First of all, to my colleague Mr. Hoback, let me say thank you very much for bringing this forward. This is a very timely piece of legislation. I don't know too many people in Canada who haven't been affected by impaired driving or who at least know somebody who has been affected by impaired driving.
I was hit by an impaired driver in October 1993. I was hit from behind by a gentleman driving a five-ton delivery truck. My head went through the back window of my pickup truck because I was launched into the intersection. I had stopped to let a little old lady cross the road. This individual had been counselled, as I found out after the fact, by defence lawyers. When I approached him and said that we needed to call the police to the scene, he wanted to simply pay for the damage to the truck and call it a wash. I could tell he was impaired at the time.

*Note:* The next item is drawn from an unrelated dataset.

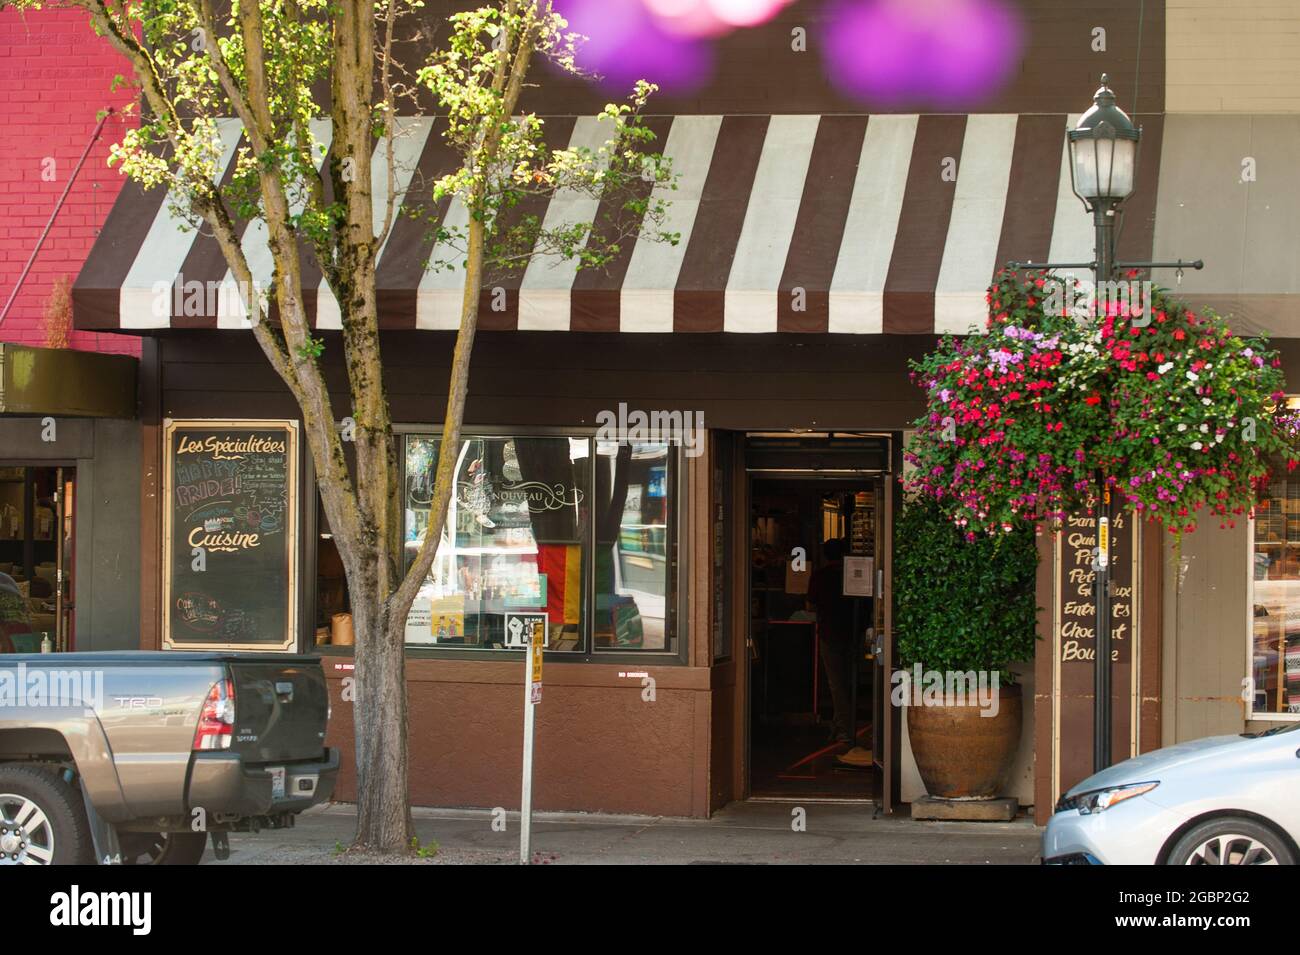 The West Seattle location of Bakery Nouveau in Seattle, WA. Stock Photo

He fled the scene. He drove to the Transit Hotel in Edmonton, Alberta, and started consuming alcohol, thereby disrupting the chain of evidence. This is what happens with people who are experienced with respect to impaired driving laws. They know that they can be.... I think they are counselled by somebody who knows how to counsel them in that defence, and these are the kinds of things they do.
I am of the opinion that we should be adding a clause to the Criminal Code dealing with vehicular homicide. I know that we have other colleagues in the House of Commons who are thinking of looking at that kind of legislation. I'm wondering what your opinion is on supporting something like that. I could easily have been killed in that particular incident.
Insofar as your bill is concerned, the changes you're proposing here are obviously meant to bring more certainty and a sense of justice to the sentencing on these convictions, but are you at all concerned about the fact that sometimes we can't even get the convictions because some of the issues surrounding impaired driving are so difficult to prove and sometimes the evidence is so hard to prove in a court of law? It's one of the most onerous charges that a law enforcement officer, a police officer can.... It consumes your whole day and then some, especially when you get to court. Is this going to make the difference that you really expect it to make?